Work item | Give the following records again in full and without alteration.

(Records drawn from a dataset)
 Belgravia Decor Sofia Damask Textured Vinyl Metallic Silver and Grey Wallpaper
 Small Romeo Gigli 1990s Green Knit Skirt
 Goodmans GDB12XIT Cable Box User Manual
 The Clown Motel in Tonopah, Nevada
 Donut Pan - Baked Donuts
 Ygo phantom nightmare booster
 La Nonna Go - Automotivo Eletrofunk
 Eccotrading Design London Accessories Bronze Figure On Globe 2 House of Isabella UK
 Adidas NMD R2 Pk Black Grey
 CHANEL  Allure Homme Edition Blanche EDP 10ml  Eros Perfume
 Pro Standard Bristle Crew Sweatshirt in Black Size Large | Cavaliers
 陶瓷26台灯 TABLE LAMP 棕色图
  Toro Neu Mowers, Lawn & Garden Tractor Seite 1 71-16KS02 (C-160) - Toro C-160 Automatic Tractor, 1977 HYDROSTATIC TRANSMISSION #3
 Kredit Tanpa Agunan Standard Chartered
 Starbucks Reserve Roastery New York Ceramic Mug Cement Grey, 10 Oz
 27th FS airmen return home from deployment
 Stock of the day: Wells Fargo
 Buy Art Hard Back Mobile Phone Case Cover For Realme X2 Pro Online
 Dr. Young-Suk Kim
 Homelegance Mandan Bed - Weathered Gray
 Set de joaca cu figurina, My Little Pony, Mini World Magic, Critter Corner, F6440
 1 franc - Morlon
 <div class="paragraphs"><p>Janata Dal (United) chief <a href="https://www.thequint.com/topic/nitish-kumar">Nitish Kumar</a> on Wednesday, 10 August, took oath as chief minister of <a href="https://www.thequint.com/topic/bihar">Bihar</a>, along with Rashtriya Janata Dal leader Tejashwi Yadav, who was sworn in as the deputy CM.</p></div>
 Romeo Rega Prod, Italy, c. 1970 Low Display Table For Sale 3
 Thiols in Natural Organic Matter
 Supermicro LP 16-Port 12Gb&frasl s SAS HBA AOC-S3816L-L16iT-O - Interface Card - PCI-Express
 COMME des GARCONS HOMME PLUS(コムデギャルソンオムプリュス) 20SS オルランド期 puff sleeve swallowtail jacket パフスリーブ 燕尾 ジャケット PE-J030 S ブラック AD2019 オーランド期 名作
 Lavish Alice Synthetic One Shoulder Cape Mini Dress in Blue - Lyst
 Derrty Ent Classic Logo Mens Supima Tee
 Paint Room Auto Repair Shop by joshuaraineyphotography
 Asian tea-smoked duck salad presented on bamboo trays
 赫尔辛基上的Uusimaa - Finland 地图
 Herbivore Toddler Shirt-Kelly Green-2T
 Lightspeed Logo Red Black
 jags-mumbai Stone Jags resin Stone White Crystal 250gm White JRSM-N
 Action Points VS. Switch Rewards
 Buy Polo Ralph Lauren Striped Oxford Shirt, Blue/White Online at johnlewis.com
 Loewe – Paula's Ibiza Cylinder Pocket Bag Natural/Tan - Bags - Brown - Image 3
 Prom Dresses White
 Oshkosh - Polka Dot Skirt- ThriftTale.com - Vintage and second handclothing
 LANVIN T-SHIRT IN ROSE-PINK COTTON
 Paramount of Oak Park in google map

Result of this exercise |
 Belgravia Decor Sofia Damask Textured Vinyl Metallic Silver and Grey Wallpaper
 Small Romeo Gigli 1990s Green Knit Skirt
 Goodmans GDB12XIT Cable Box User Manual
 The Clown Motel in Tonopah, Nevada
 Donut Pan - Baked Donuts
 Ygo phantom nightmare booster
 La Nonna Go - Automotivo Eletrofunk
 Eccotrading Design London Accessories Bronze Figure On Globe 2 House of Isabella UK
 Adidas NMD R2 Pk Black Grey
 CHANEL  Allure Homme Edition Blanche EDP 10ml  Eros Perfume
 Pro Standard Bristle Crew Sweatshirt in Black Size Large | Cavaliers
 陶瓷26台灯 TABLE LAMP 棕色图
  Toro Neu Mowers, Lawn & Garden Tractor Seite 1 71-16KS02 (C-160) - Toro C-160 Automatic Tractor, 1977 HYDROSTATIC TRANSMISSION #3
 Kredit Tanpa Agunan Standard Chartered
 Starbucks Reserve Roastery New York Ceramic Mug Cement Grey, 10 Oz
 27th FS airmen return home from deployment
 Stock of the day: Wells Fargo
 Buy Art Hard Back Mobile Phone Case Cover For Realme X2 Pro Online
 Dr. Young-Suk Kim
 Homelegance Mandan Bed - Weathered Gray
 Set de joaca cu figurina, My Little Pony, Mini World Magic, Critter Corner, F6440
 1 franc - Morlon
 <div class="paragraphs"><p>Janata Dal (United) chief <a href="https://www.thequint.com/topic/nitish-kumar">Nitish Kumar</a> on Wednesday, 10 August, took oath as chief minister of <a href="https://www.thequint.com/topic/bihar">Bihar</a>, along with Rashtriya Janata Dal leader Tejashwi Yadav, who was sworn in as the deputy CM.</p></div>
 Romeo Rega Prod, Italy, c. 1970 Low Display Table For Sale 3
 Thiols in Natural Organic Matter
 Supermicro LP 16-Port 12Gb&frasl s SAS HBA AOC-S3816L-L16iT-O - Interface Card - PCI-Express
 COMME des GARCONS HOMME PLUS(コムデギャルソンオムプリュス) 20SS オルランド期 puff sleeve swallowtail jacket パフスリーブ 燕尾 ジャケット PE-J030 S ブラック AD2019 オーランド期 名作
 Lavish Alice Synthetic One Shoulder Cape Mini Dress in Blue - Lyst
 Derrty Ent Classic Logo Mens Supima Tee
 Paint Room Auto Repair Shop by joshuaraineyphotography
 Asian tea-smoked duck salad presented on bamboo trays
 赫尔辛基上的Uusimaa - Finland 地图
 Herbivore Toddler Shirt-Kelly Green-2T
 Lightspeed Logo Red Black
 jags-mumbai Stone Jags resin Stone White Crystal 250gm White JRSM-N
 Action Points VS. Switch Rewards
 Buy Polo Ralph Lauren Striped Oxford Shirt, Blue/White Online at johnlewis.com
 Loewe – Paula's Ibiza Cylinder Pocket Bag Natural/Tan - Bags - Brown - Image 3
 Prom Dresses White
 Oshkosh - Polka Dot Skirt- ThriftTale.com - Vintage and second handclothing
 LANVIN T-SHIRT IN ROSE-PINK COTTON
 Paramount of Oak Park in google map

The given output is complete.